[Ffmpeg-devel] [Ffmpeg-devel-old] Re: avi out is buggy
Mon May 9 15:27:08 CEST 2005
Wolfram Gloger wrote:
>>Since the posted commands produce a desynched avi from a file that is
>>said to play correctly in mplayer, one could deduce that the streams in
>>it are not inherently synchronized, but the synchro is maintained by the
>>timestamps themselves; in other words, as Michael wrote, at places there
>>are too many or not enough audio samples. Obviously that cant be done if
>>But if the audio is decoded then re-encoded, then ffmpeg
>>*should* be able to produce well-synchronized raw elementary streams at
>>the intermediate stage (after decoding, before encoding) or else the A/V
>>synch code is buggy.
> Yes, and this does in fact work with "-async 1" (or perhaps higher,
> "-async 50". I have used this successfully.
Unfortunately, -async is completely undocumented...
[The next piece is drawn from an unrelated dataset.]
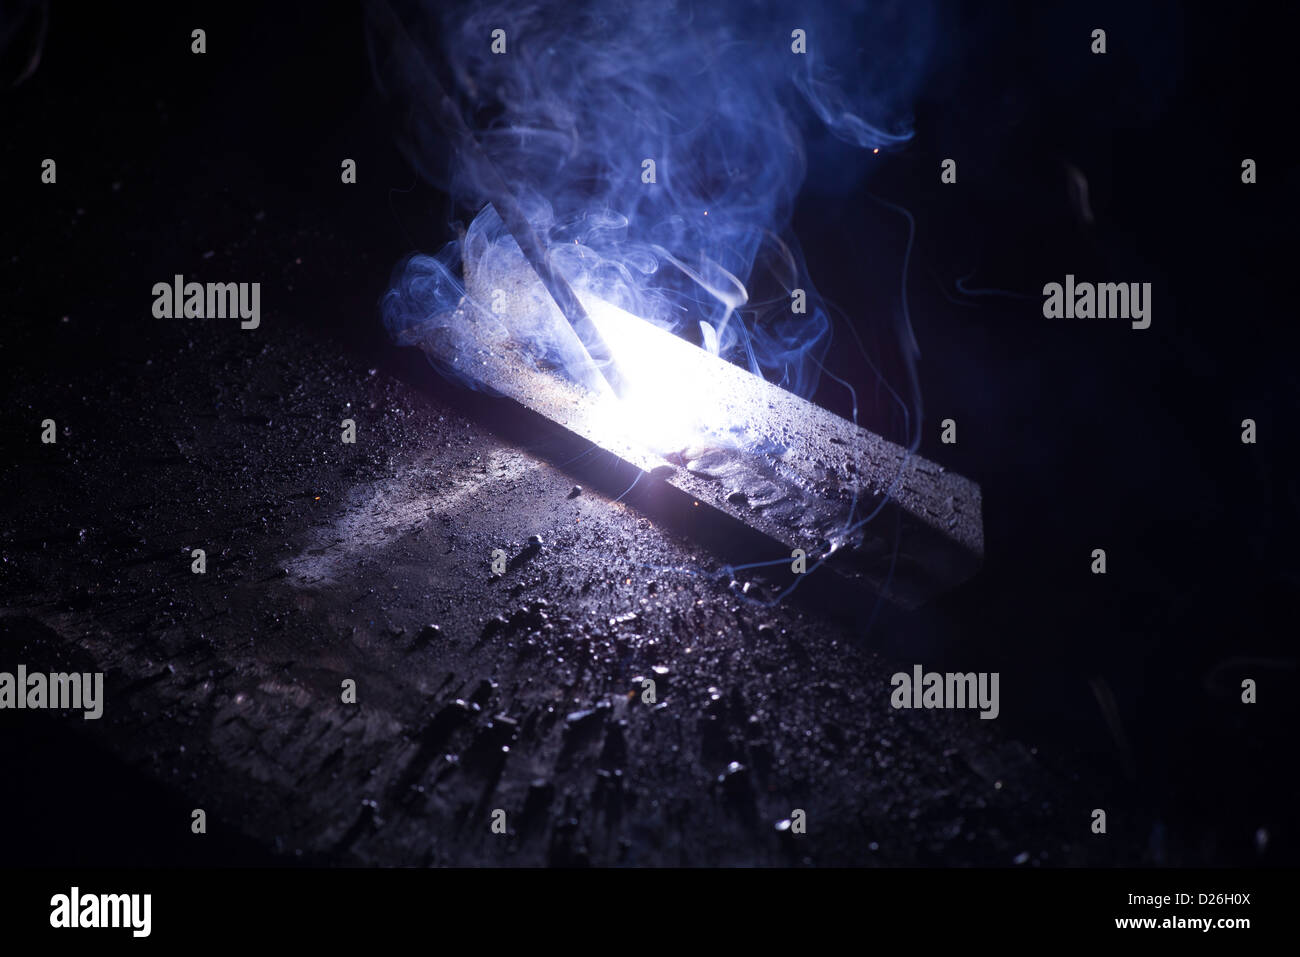 The industrial process of MMA Stick welding used in boatyards, shipbuilding, heavy industry, fabrication of steel Stock Photo

>>What it does exactly is not 100% clear from the
>>source, ffmpeg.c does not seem to make up its mind clearly whether
>>timestamps or rate-times-count hold the truth. That is, the intermediate
>>stage itself is not a well-specified format, the input and output
>>formats contaminate it.
> I do not see what you mean here -- the "intermediate stage" is raw
> data frames (16bit per channel for audio, AFAICS), but for
> synchronization purposes _only_ the timestamps hold the truth (also
Ah, but *which* timestamps? The intermediate stage should have its own
timestamps (maybe it does; ffmpeg.c is 4000+ lines long!) But there is
currently no option to specify where the intermediate timestamps should
come from. In an MPEG source (e.g.) they could come from PTS in the
system stream; for the video stream they could come from the timecode;
and sometimes (if the timestamps are not reliable maybe because the file
is a concatenation of files, or if the input is raw) you want to rely on
frame rate and frame count. What you do will depend on the file, but
right now there is no way to control effectively what ffmpeg does;
rather, it tries to 'automagically' do whatever is right, with the
result that it is never 100% right, and sometimes horribly wrong.